Jack seems to be perpetually in a kind of state of shock, or maybe stunted development. Listening to the dialogue, it seems like he can't help but giggle and interject at strange moments, usually with a smile on his voice. His whimsical cartoon persona isn't just for display, it's how his psyche protects him. After a sudden, overwhelming major traumatic incident that completely changed his life, his unconscious mind needed a way to keep itself alive, and learned, 'well, the world can't be painful and scary if I perceive it as silly and fun!' ...Until, of course, pain of either emotional or physical kind shocks him out of it and causes him to shutdown or meltdown.
When Doey lost Safe Haven, that wasn't any of their first time losing their home. Not even their second time. Or third, if you count being taken from your body as losing a home.
I think Doey is both good and bad as system rep.
The bad comes from the fact that we see him from an "outsider who is the victim of a violent attack by a mentally ill person" perspective, which is always going to be iffy no matter what.
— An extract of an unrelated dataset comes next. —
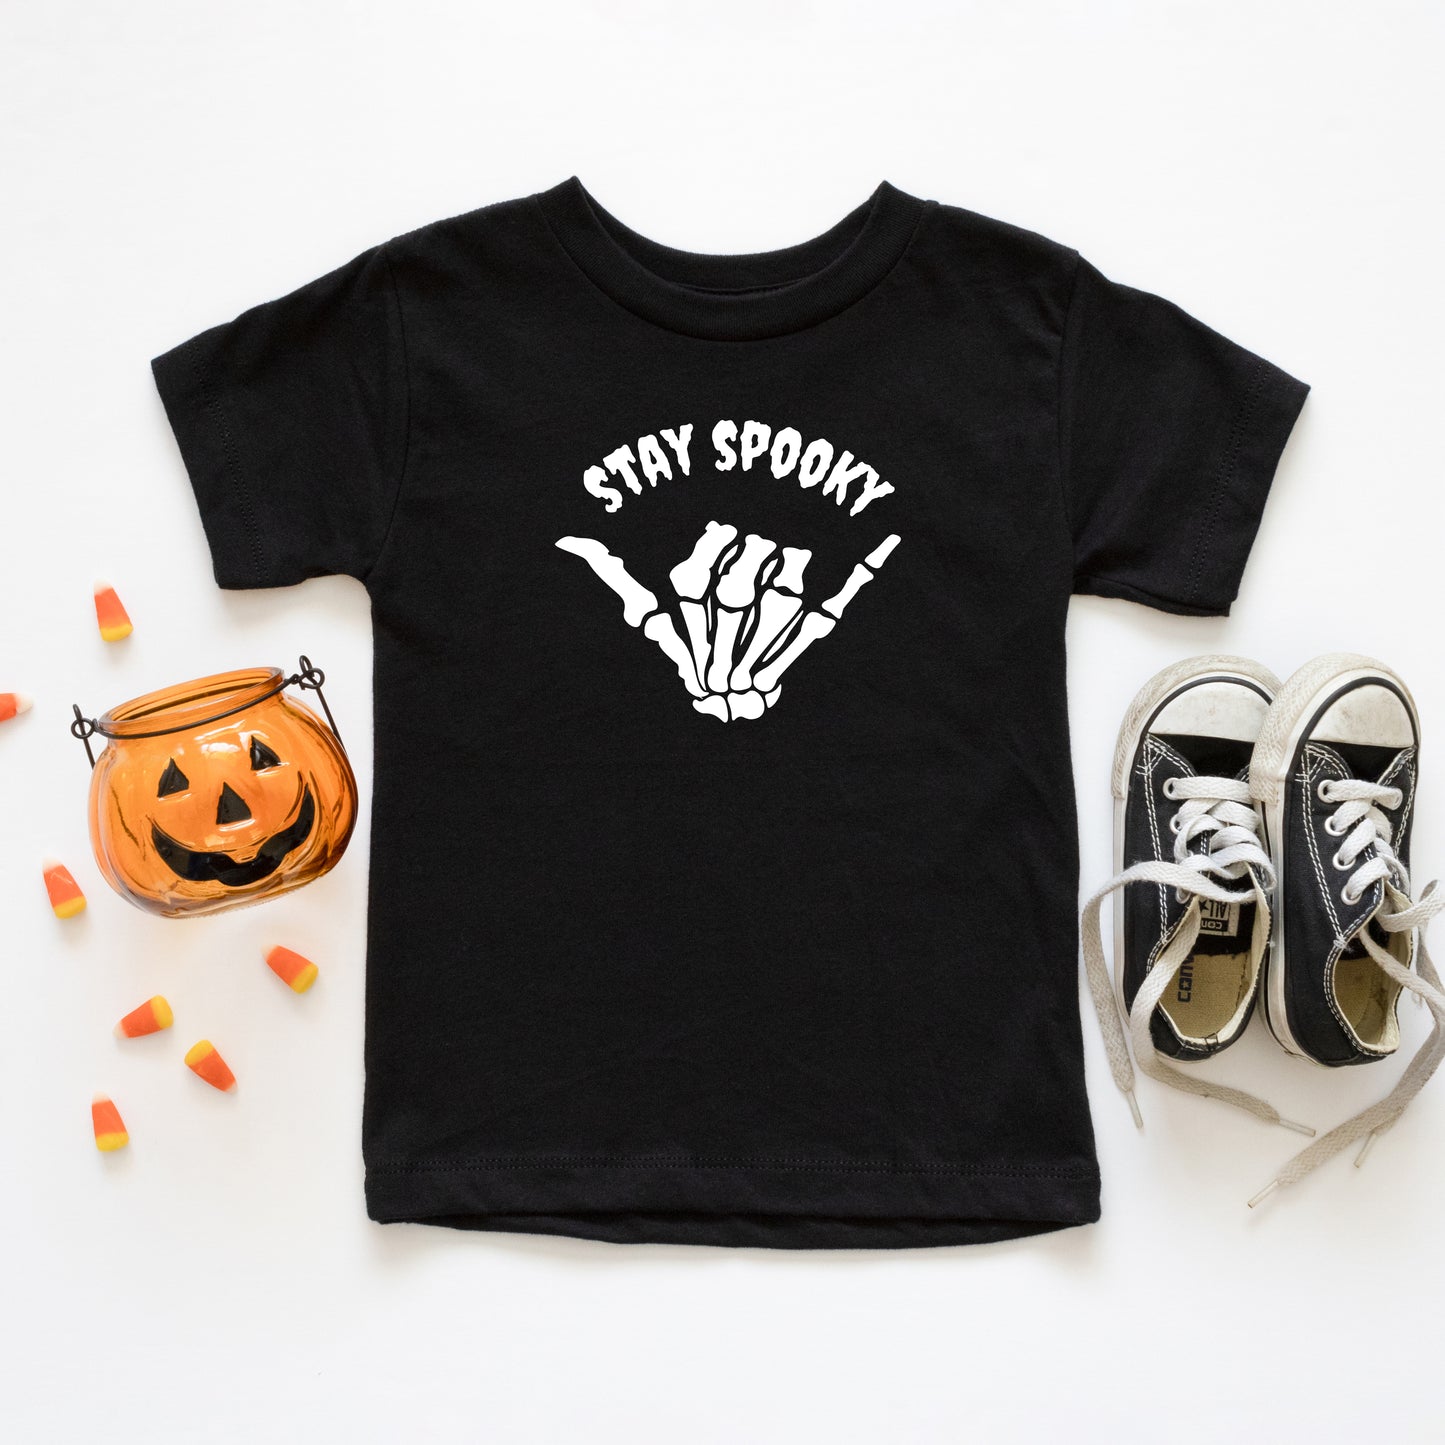 Stay Spooky Hand | Toddler Short Sleeve Crew Neck
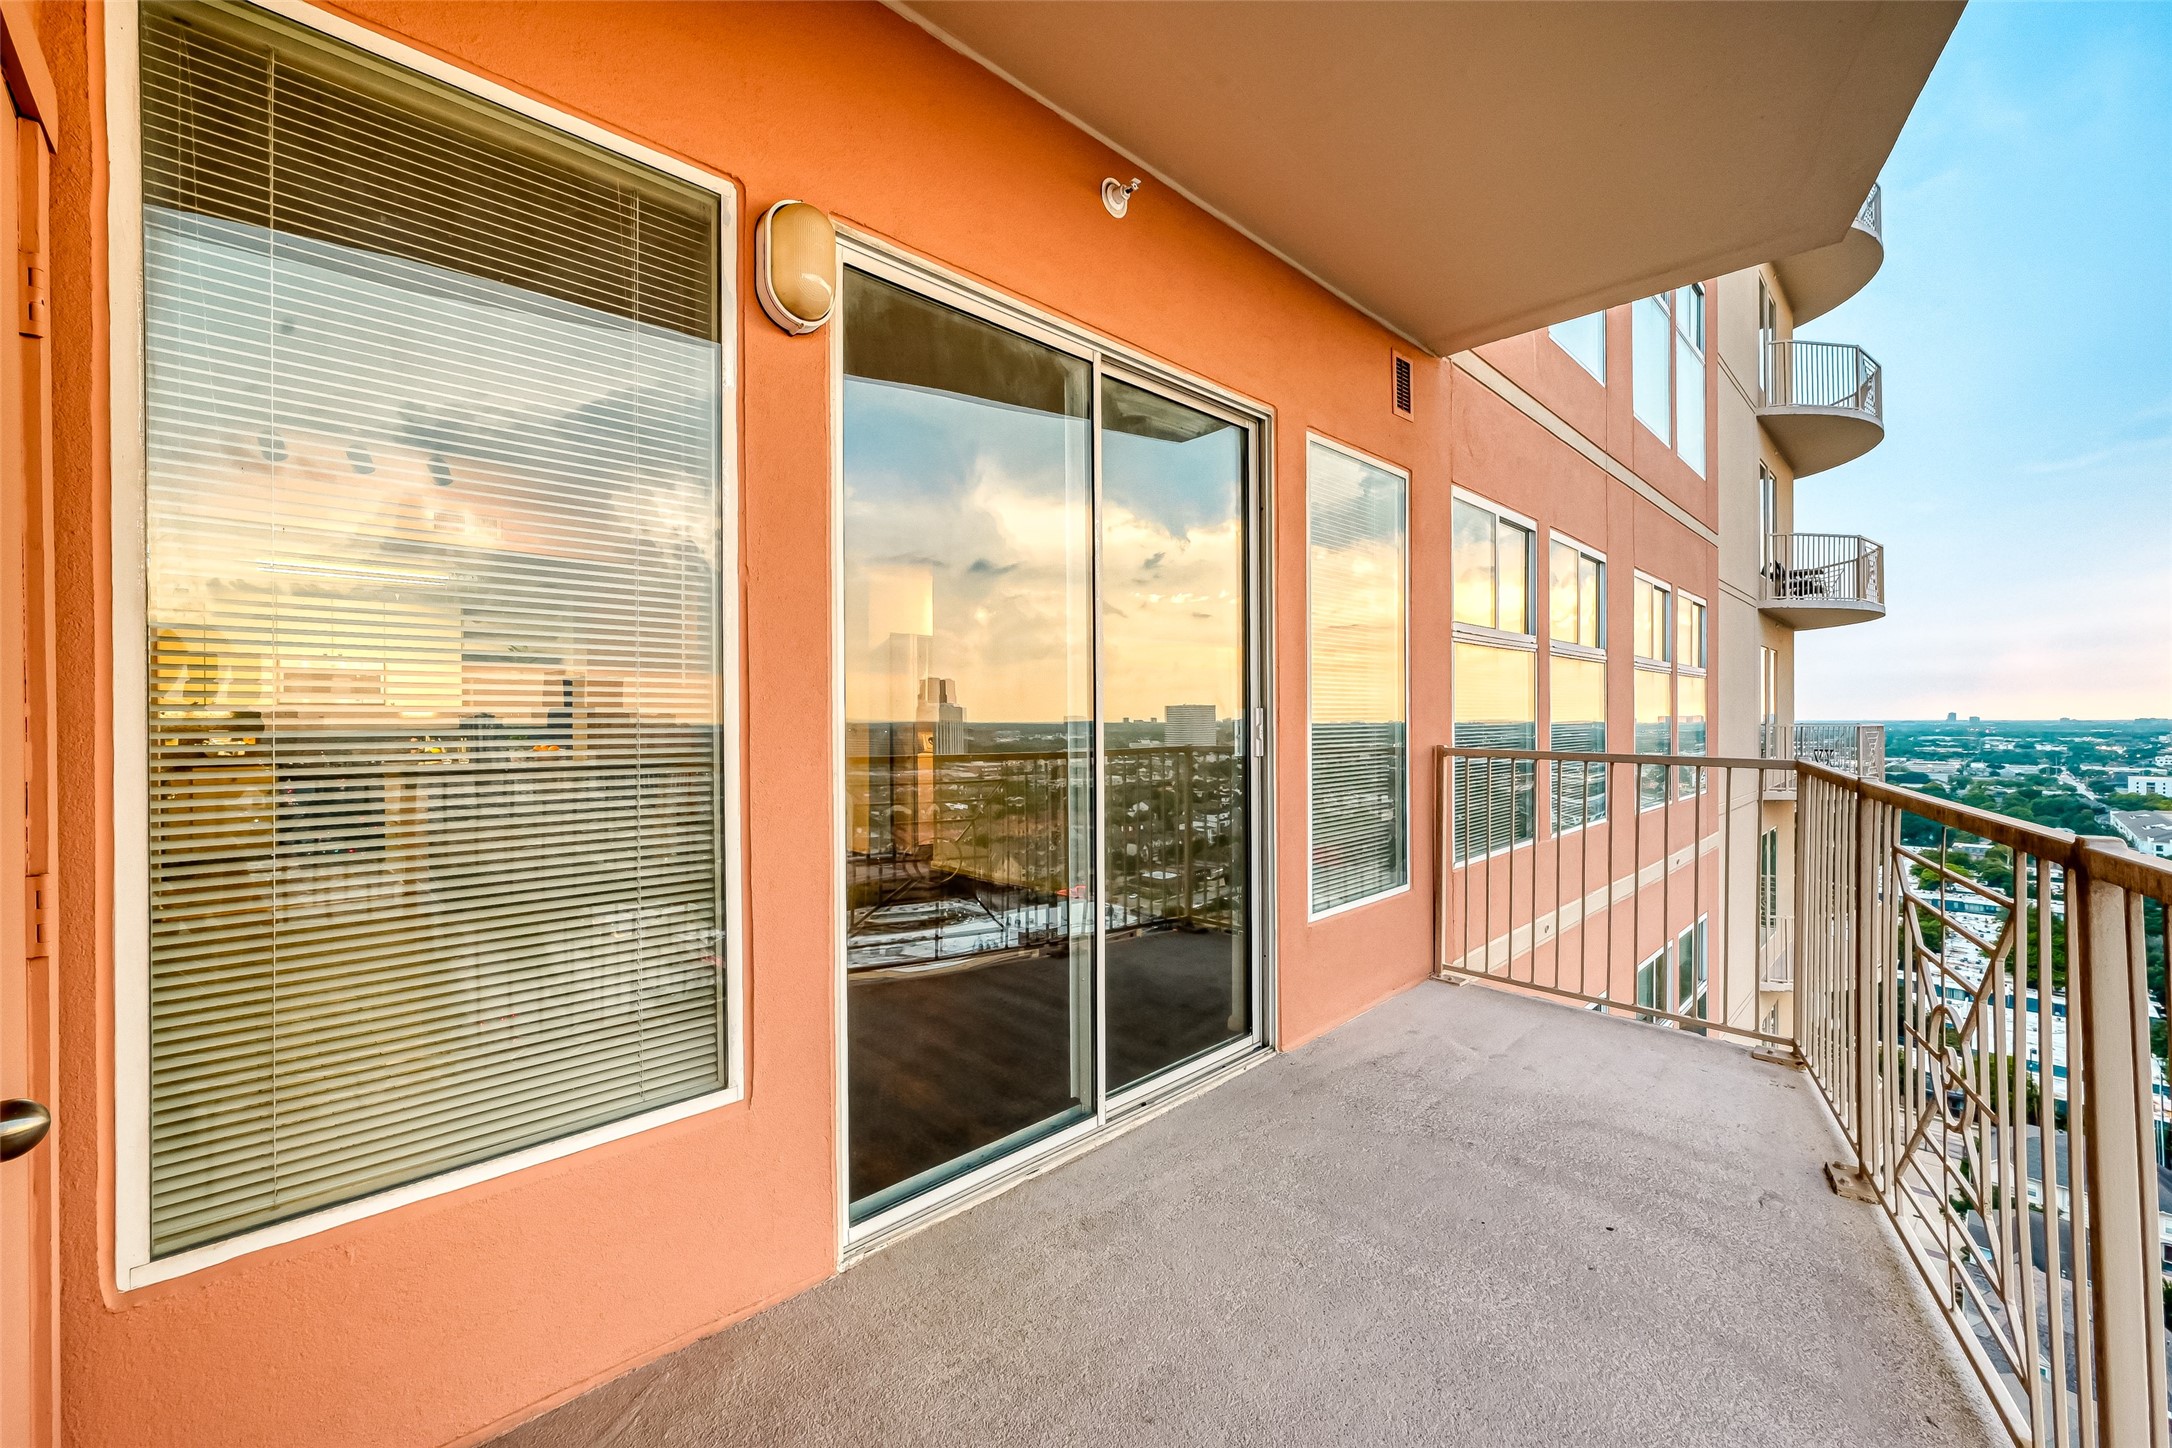 The large balcony can accommodate a whole patio set so you can enjoy the scenery with your favorite beverage.

The good comes from the fact that none of his parts are presented as malicious or even selfish, all of them want to protect, care for or improve the lives of the people they care about, and generally they work together in harmony. Doey is what a system is not just because he has multiple identities, but also because all of those parts work together in order to survive after a majorly traumatic childhood.